_DATA SHOWN:_
★ ★ ★ ★
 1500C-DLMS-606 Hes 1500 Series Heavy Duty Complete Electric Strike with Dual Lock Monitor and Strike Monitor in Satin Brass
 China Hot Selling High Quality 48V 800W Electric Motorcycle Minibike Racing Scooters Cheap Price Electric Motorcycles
★ ★ ★ ★
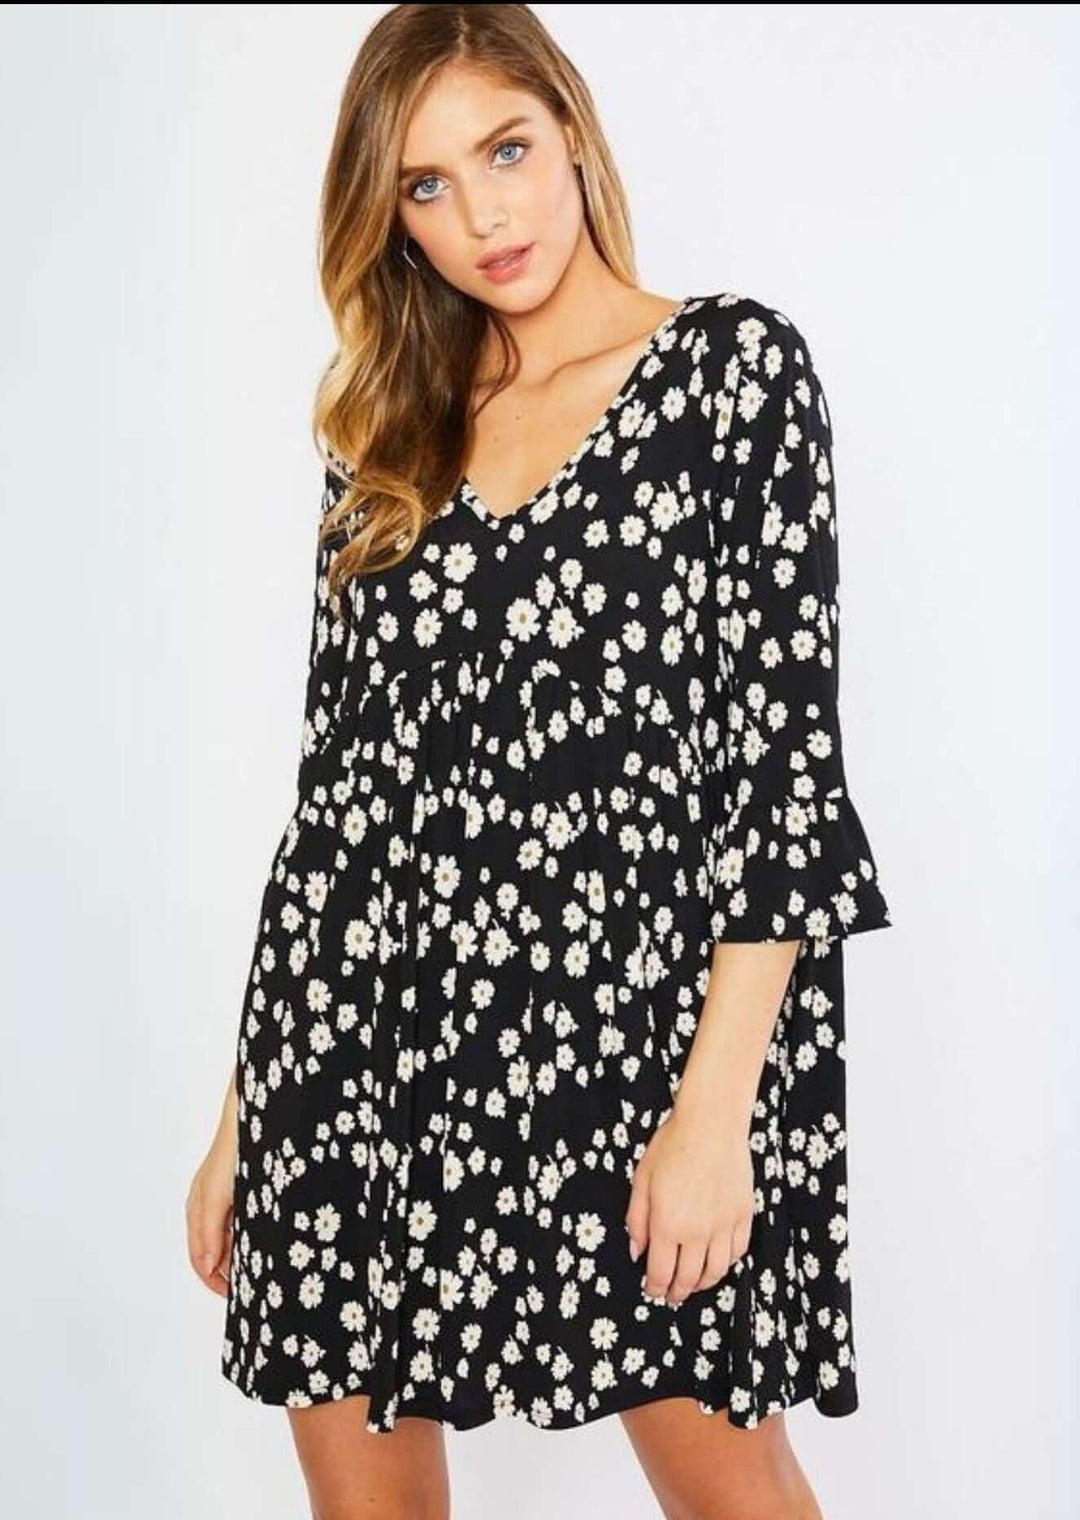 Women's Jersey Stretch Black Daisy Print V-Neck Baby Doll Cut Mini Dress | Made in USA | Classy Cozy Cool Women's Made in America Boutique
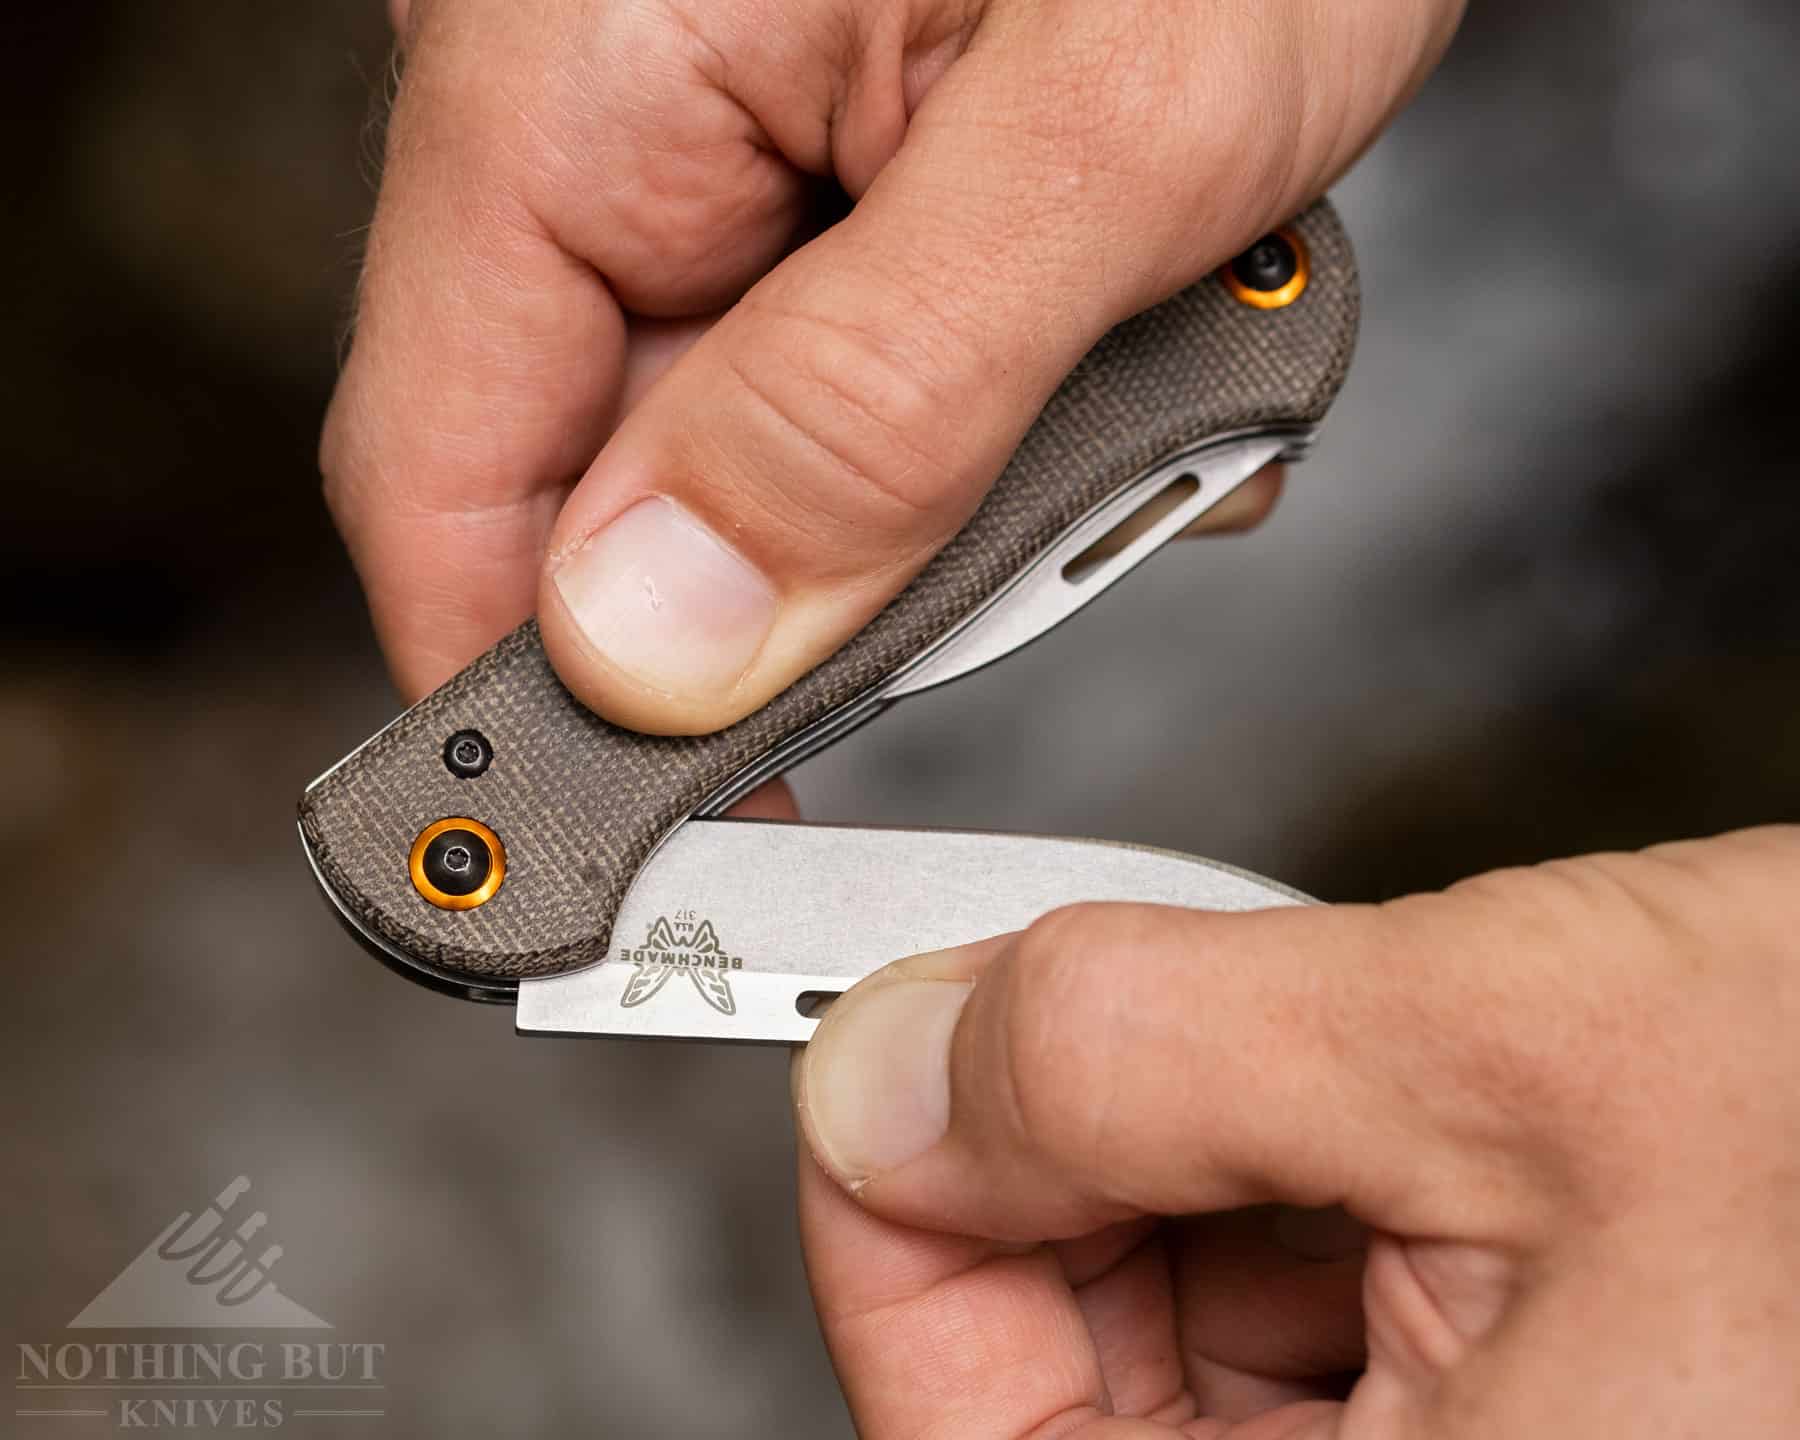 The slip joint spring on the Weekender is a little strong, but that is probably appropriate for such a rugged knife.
★ ★ ★ ★
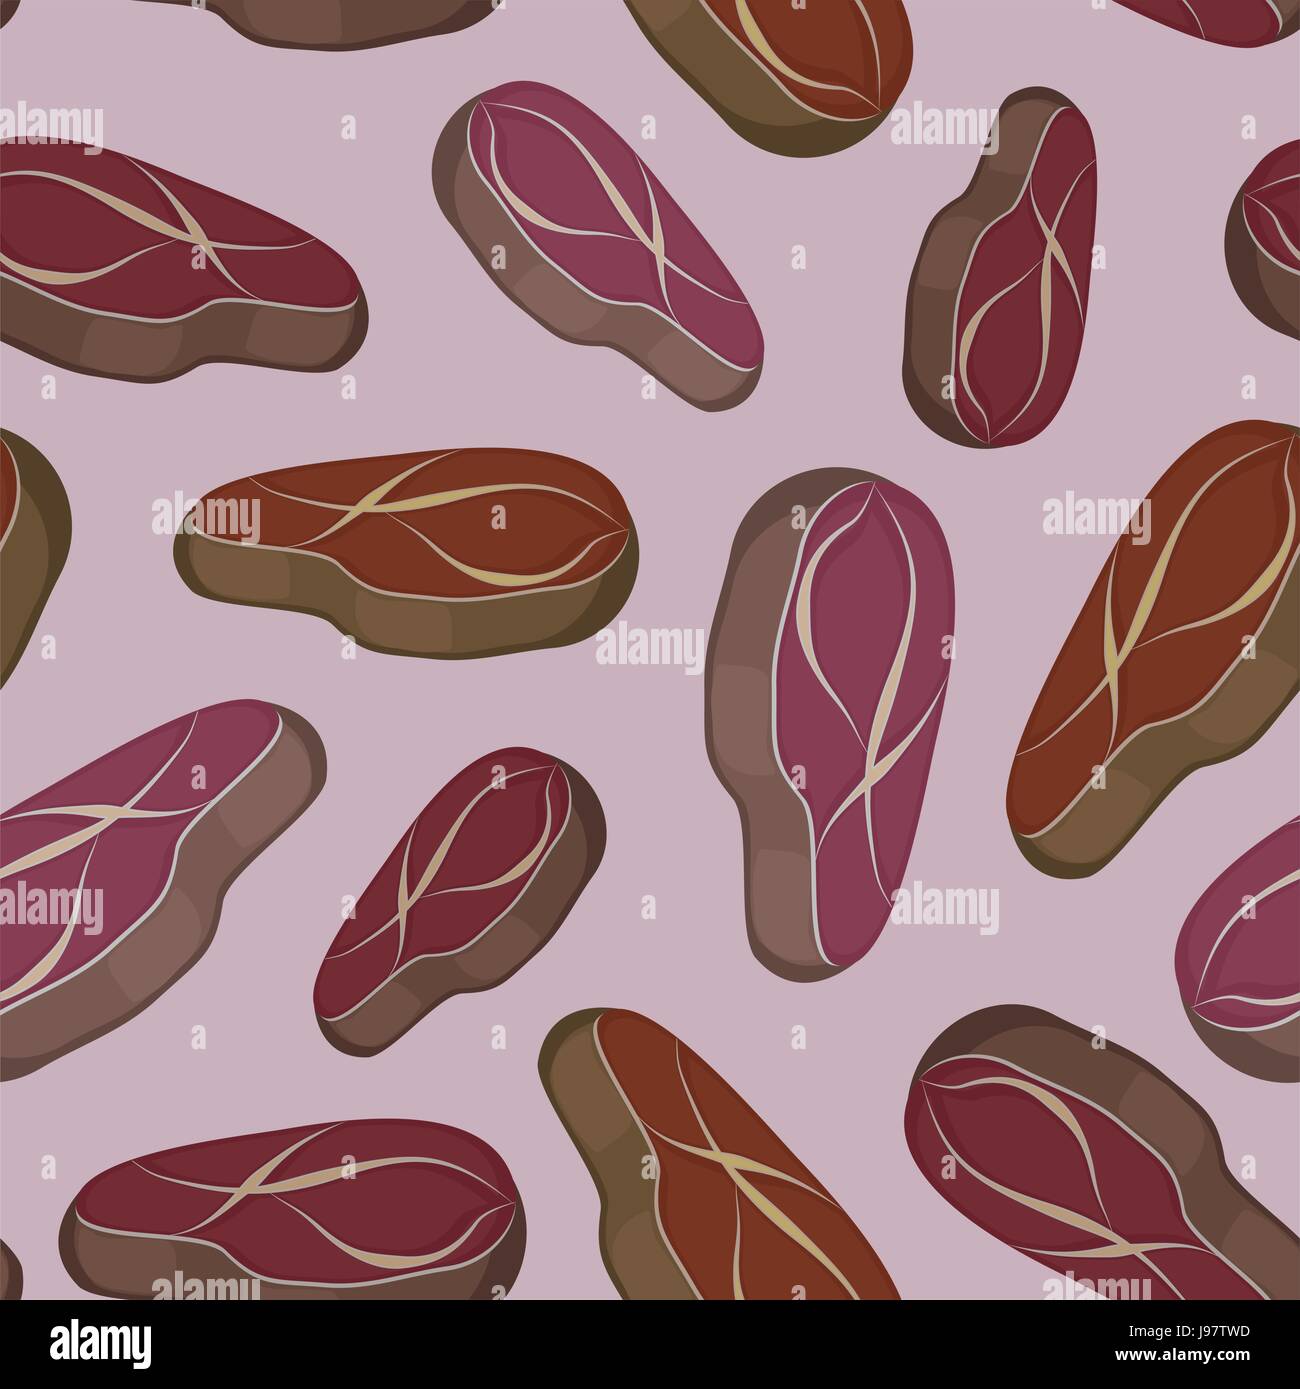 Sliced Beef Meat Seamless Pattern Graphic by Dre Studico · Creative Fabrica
★ ★ ★ ★
_TASK INSTRUCTIONS:_ Since the pictures are not part of the copy, please transcribe only the lines above from the one with "Women's Jersey Stretch" through the one with "The slip joint", exactly and with both ends.

_SOLUTION BELOW:_
 Women's Jersey Stretch Black Daisy Print V-Neck Baby Doll Cut Mini Dress | Made in USA | Classy Cozy Cool Women's Made in America Boutique
 The slip joint spring on the Weekender is a little strong, but that is probably appropriate for such a rugged knife.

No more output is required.